Setting aside Sebi's direction, the Securities Appellate Tribunal (SAT) on Monday allowed PNB Housing Finance to go ahead with the shareholders' meeting on Tuesday to consider the proposed Rs 4,000 crore-investment by private equity firm Carlyle and others in the mortgage firm.
However, results of the shareholders' voting will not be disclosed till further directions from the tribunal.
The ruling comes hours after PNB Housing Finance informed stock exchanges that it has appealed against Sebi's direction on June 18 wherein it was asked to defer consideration of the proposed capital infusion proposal till a valuation of the company's shares is done by a registered independent valuer.
The Extraordinary General Meeting (EGM) is scheduled for Tuesday (June 22).
In a not-so-often seen move, Sebi not only restrained PNB Housing Finance from going ahead with voting on the proposal but also directed that the matter should be placed afresh before the company's board of directors and then a decision be taken on the basis of the independent valuation.
Under the proposed deal, PNB Housing Finance will allot securities worth Rs 4,000 crore to Carlyle group and other entities, a deal that will eventually result in the private equity major becoming a major shareholder of the company.
On Monday morning, PNB Housing Finance moved the tribunal against Sebi direction.
Taking up this matter on an urgent basis, a two-member bench of the tribunal said that as "electronic voting has already commenced it would not be fair to stay the consideration of agenda no. 1 (issuance of preference shares) of the EGM notice dated May 31, 2021 which is going to be held on June 22, 2021."
The bench of Justice Tarun Agarwala and Justice M T Joshi said that no factual dispute exists and only an interpretation of the provisions of the ICDR Regulations and Companies Act read with Articles of Association is required to be considered.
Sebi has been asked to file a reply to the plea on the matter by June 26.
In its five-page order, the tribunal also said the EGM would be held on June 22 and that the members would consider agenda no.
"However, the results would not be declared and would be kept in a sealed cover.
"In this regard, the company would issue specific directions to NSDL who is in-charge of the electronic voting not to reveal the results and keep the same in a sealed cover till further orders of this tribunal," the order said.
On Monday, shares of PNB Housing Finance declined 5 per cent to close at Rs 702.40 apiece, its lower circuit limit, on BSE.
At NSE, it fell 4.99 per cent to end the day at Rs 700.95.
The proposed transaction has come under the lens of Sebi and the Reserve Bank of India (RBI) following concerns raised in certain quarters, including by a proxy advisory firm.
The proposal is for allotting a total of 8,20,51,281 equity shares and 2,05,12,820 warrants exchangeable into equity shares for Rs 390 per share/ warrant to Pluto Investments S.a r.l, Salisbury Investments Pvt Ltd, General Atlantic Singapore Fund FII Pte Ltd and Alpha Investments V Pte. Ltd in specified proportions.

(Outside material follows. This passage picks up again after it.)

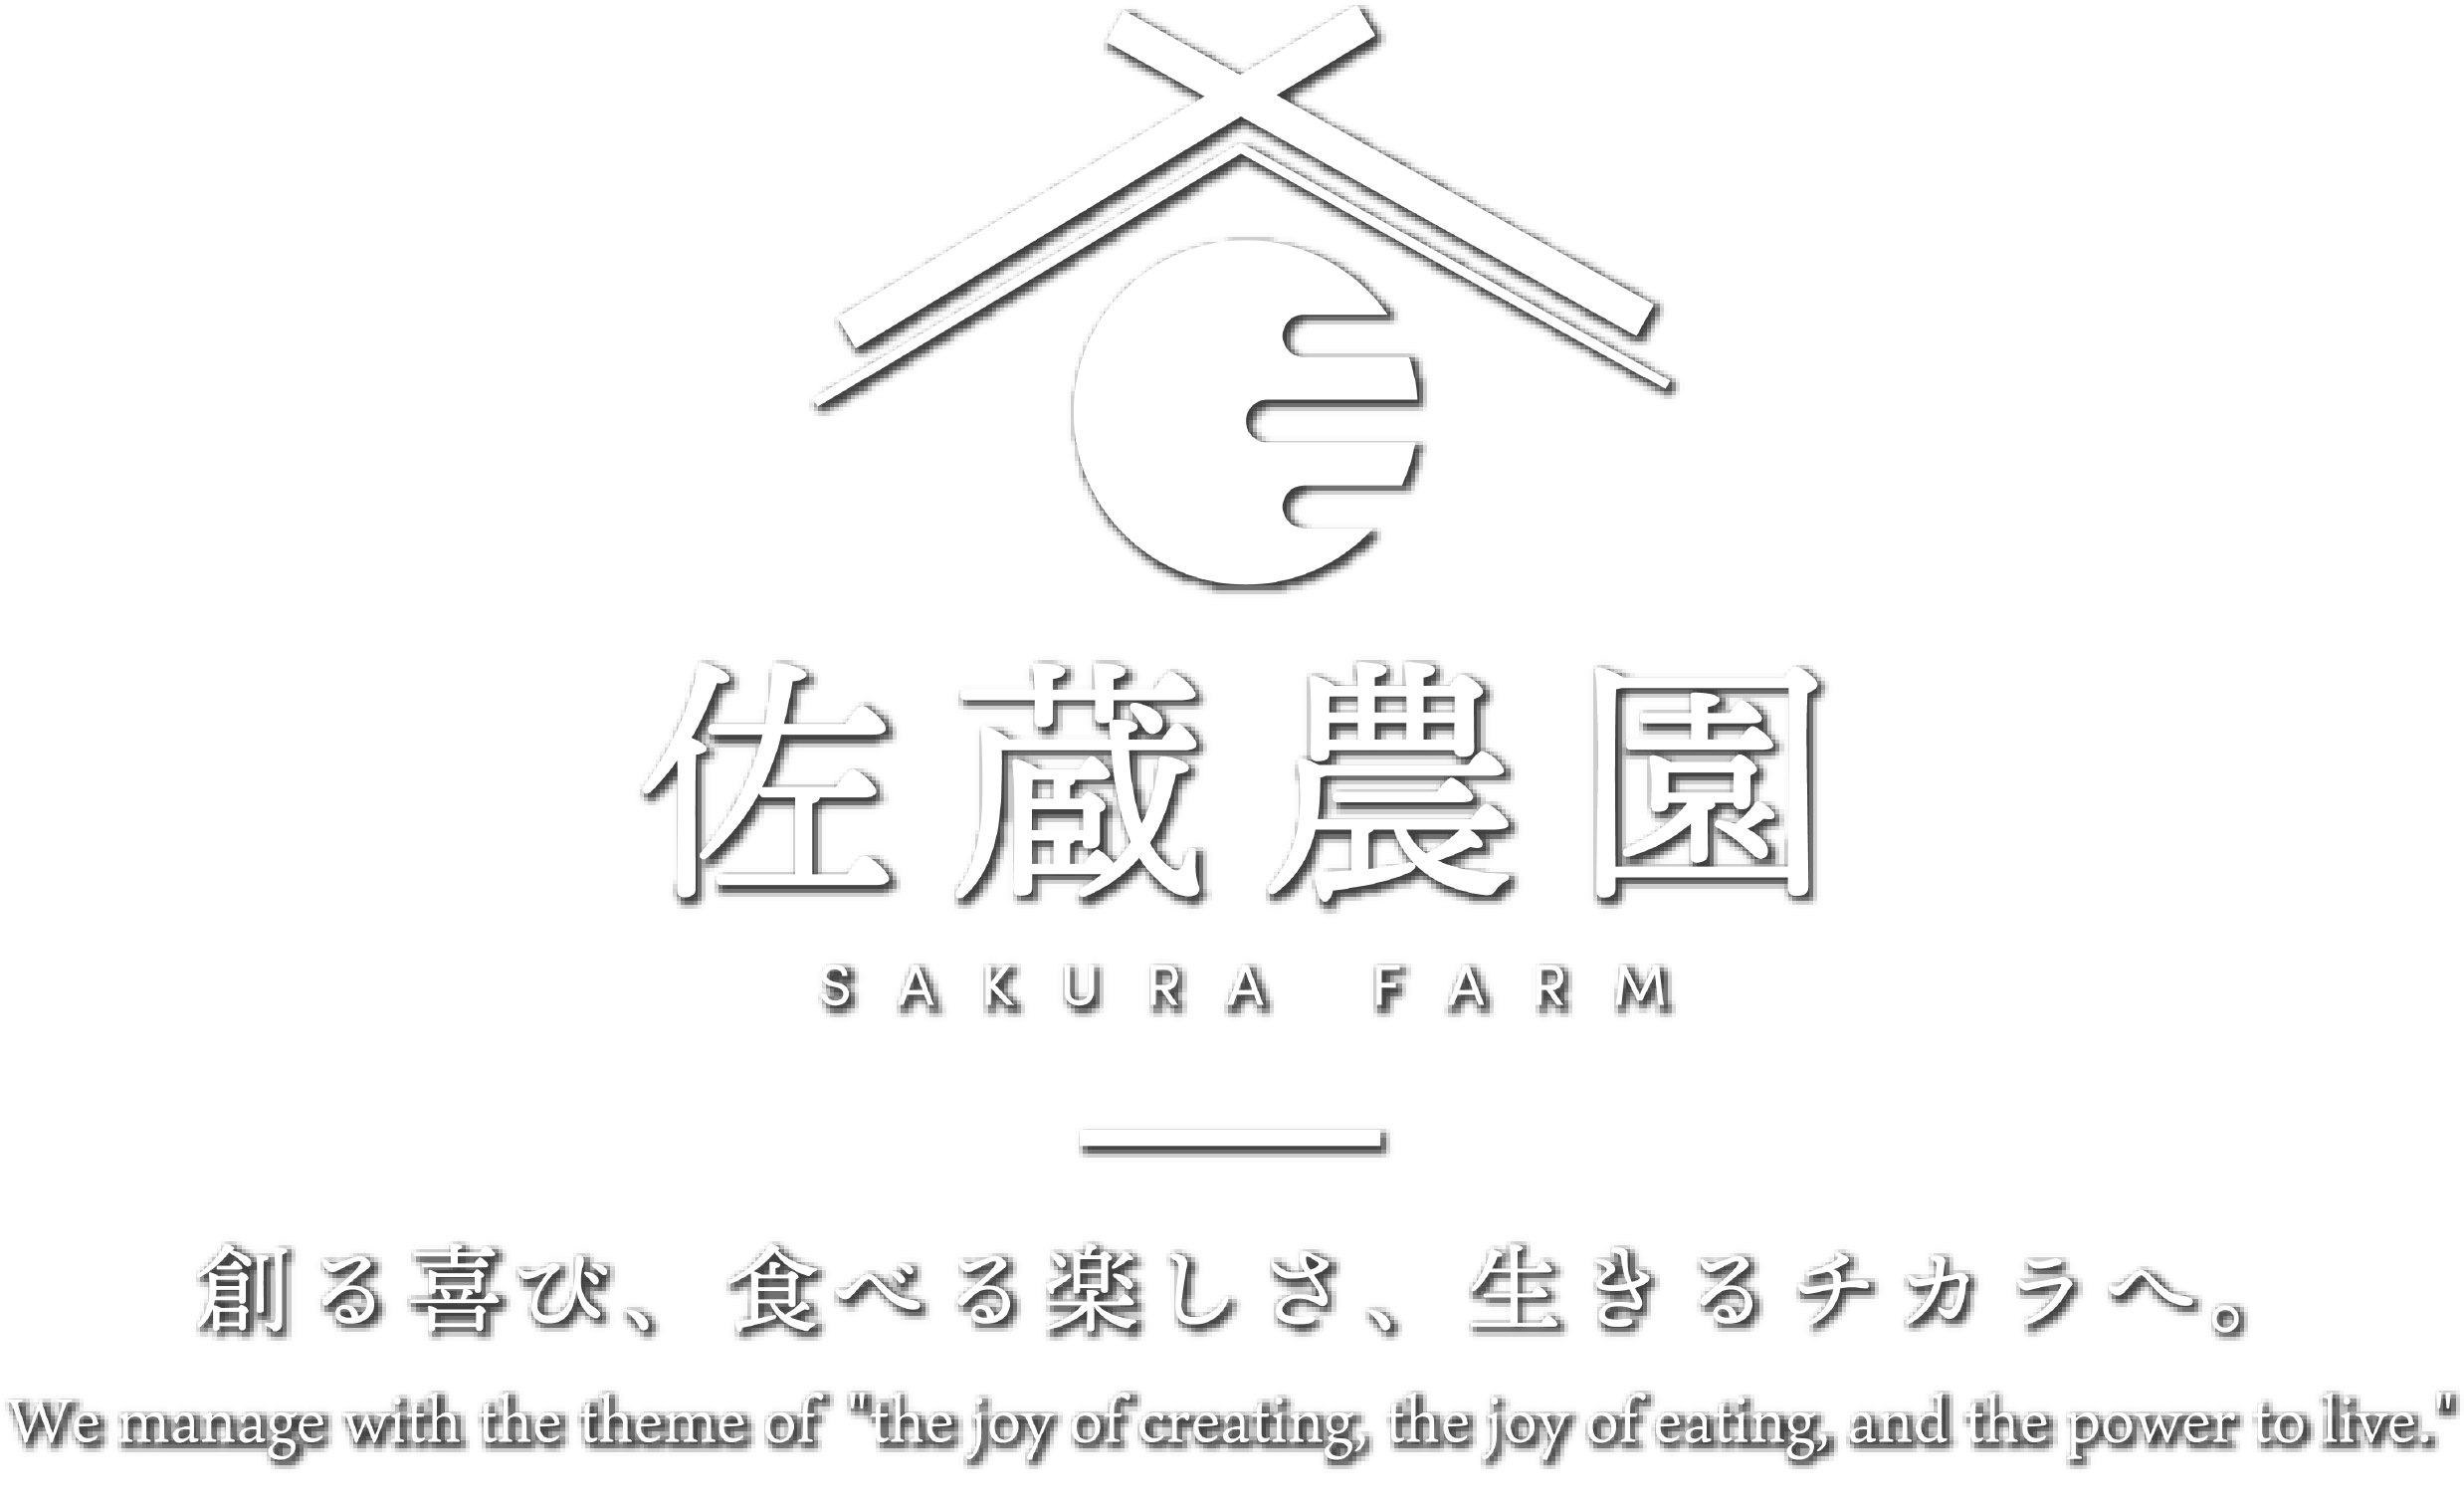 農業から6次化、そして地域創生を目指す  |株式会社佐蔵農園 (sakurafarm)福島県福島市

These securities would be allotted for a cash consideration aggregating to around Rs 4,000 crore.
Pluto Investments, an affiliated entity of Carlyle Asia Partners IV L.P. and Carlyle Asia Partners V L.P. (together Carlyle) have agreed to invest up to Rs 3,185 crore in PNB Housing Finance.
Besides, existing shareholders of the company, the funds managed by Ares SSG and General Atlantic will be participating in the capital raise, along with Salisbury Investments, the family investment vehicle of Aditya Puri, senior advisor for Carlyle in Asia.
He is also the former CEO and MD of HDFC Bank.
Once the deal is completed, the stake of Carlyle Group in the mortgage firm will rise to 50.16 per cent from 32.21 per cent, a development that would trigger an open offer.
Last week, Carlyle Group along with other entities floated a 'draft letter offer' with regard to an open offer for acquisition of over 7 crore equity shares representing 26 per cent stake in PNB Housing Finance.
An open offer is a mandatory offer that an acquirer and Persons Acting in Concert (PACs) have to make to the shareholders of a company in case the former acquires more than 25 per cent stake in the company, as per Sebi regulations.
In case of creeping acquisition too, the clause of open offer kicks in when an entity or PACs makes an acquisition of more than 5 per cent stake in a company in a year.
Meanwhile, there are reports of conflict of interest of directors on the board of PNB Housing Finance as they have some direct or indirect connection with Carlyle.
Earlier this month, proxy advisory firm SES said the proposed deal was an "unfair transaction" which is against public shareholders as well as the promoter bank PNB and also flagged concerns about the proposal to re-appoint two independent directors.